The question often is asked, "Why is it that the same species of flower is brighter and stronger in colour when growing high up in the Alps than when growing in the lowlands and in our own country?" The fact is admitted; the blues of the blue-bells (Campanula), the bugloss, the forget-me-nots, the crimsons and purples of the geraniums and the pinks and the campions, and many others, are examples. Careful study and consideration of the facts have enabled botanists to show, in many instances, within recent years, that the peculiarities of form and also of colour of the stems, leaves, and flowers of plants are not mere unmeaning "accidents," but are definitely of advantage and of "survival value" to the species. Thus we have seen that the tuft-like cushions formed by high Alpine plants are explained. The purple and reddish colour of stalks and leaves like that of the red variety of the common beech has not always, as in that plant, the purpose of protecting the chlorophyll from destruction by too vivid sunlight. In Alpine plants it is often present on the underside of leaves and of the petals, and acts to the plant's benefit, absorbing light and converting it into heat. But it also seems in many cases to protect the juices of the plant from the destructive action of white light.

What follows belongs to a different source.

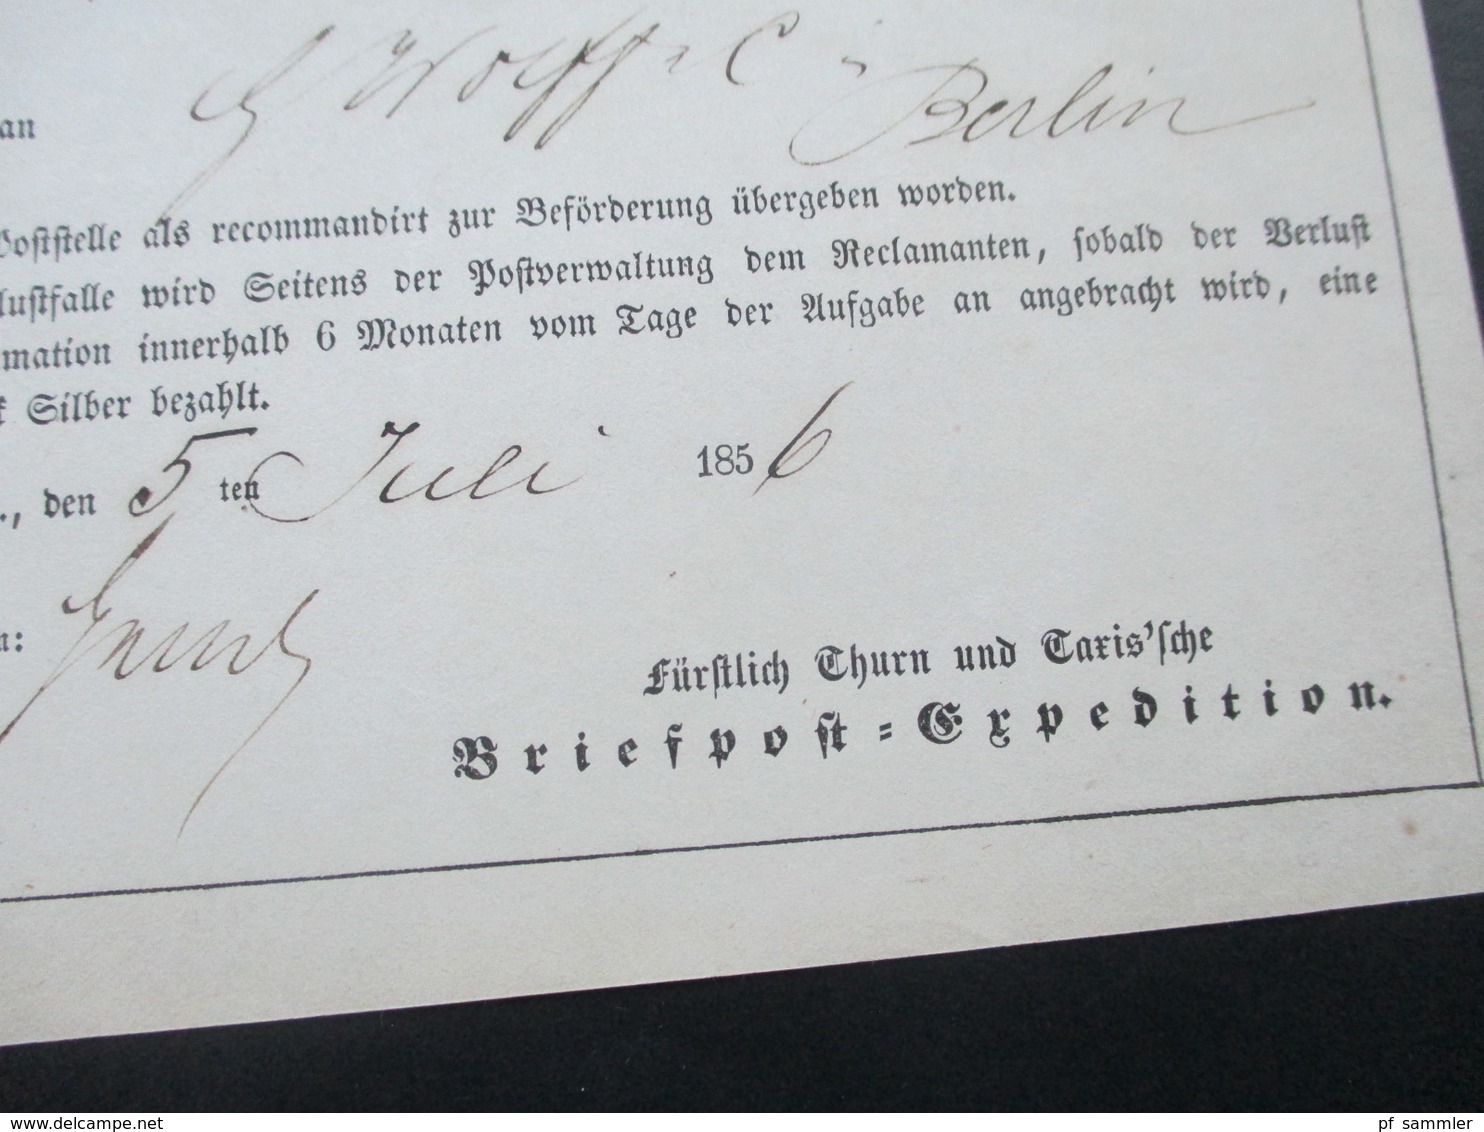 Altdeutschland Thurn und Taxis 1856 Postschein Fürstlich Thurn und Taxis'sche Briefpost Expedition. Reco Gebühr!!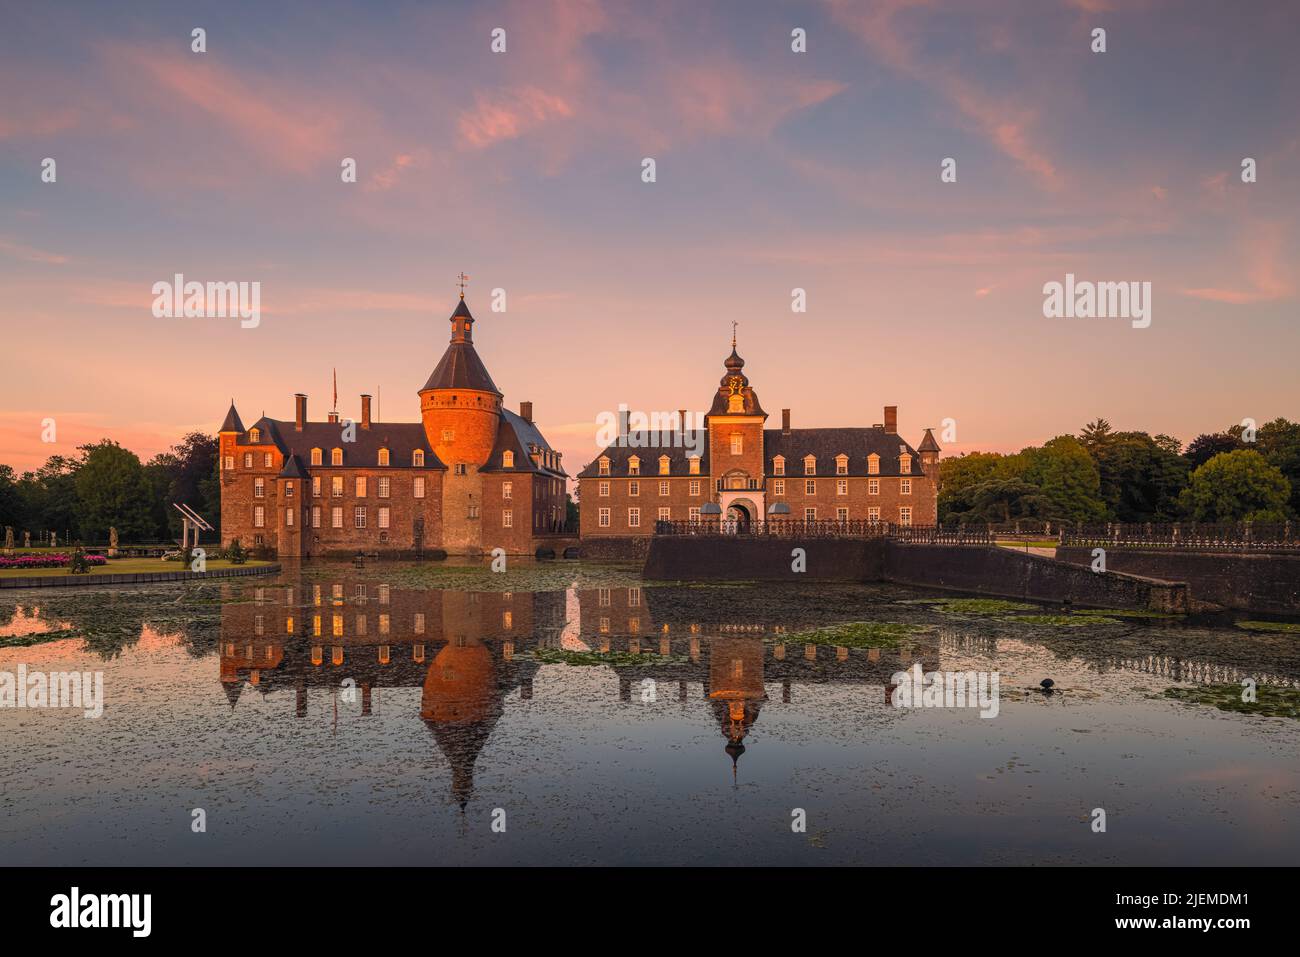 In Deutschland, in der Nähe der niederländischen Grenze, befindet sich das Wasserschloss Anholt, eines der wenigen privaten Schlösser Nordrhein-Westfalens. Es erscheint zuerst Stockfoto

It is held by some botanists that the bright colour of Alpine (and Norwegian) samples of a flower elsewhere of a paler colour is due to the direct action of the greater sunlight of the high regions in causing the formation of pigment. This is inadmissible. The sunlight cannot act in that way. It causes increased formation of nutriment by acting on the chlorophyll, and an Alpine plant thus highly charged with nutritive matters can afford to form more abundant pigment than a plant which enjoys less brilliant sunshine. The high-coloured Alpine flowers are a breed or race; a pale-coloured plant taken to the Alps from below does not itself become high coloured. It is a matter of natural selection. The occasional high-coloured "spontaneous" variations produced from seed have an advantage in the short summer of the high Alps. They attract the visits of the few insects in the short season more surely than do the paler individuals, and consequently they are fertilized and reproduce, whilst the race of the paler individuals dies out from failure to attract the insects. Thus we get a high-coloured race established in the mountains, a race that can make haste and seize the brief opportunities of the short but brilliant summer. There are many peculiarities of form and colour of plants the life conditions of which are diverse (e.g., woodland, moorland, aquatic, seashore, dry air, moist air, etc.), which can be shown by accurate observation to be specially related to those life conditions. Those conditions allow the peculiarities to survive and establish a race, in some cases a species, whilst preventing the maturity or destroying the life of those individuals not presenting that advantageous peculiarity of variation.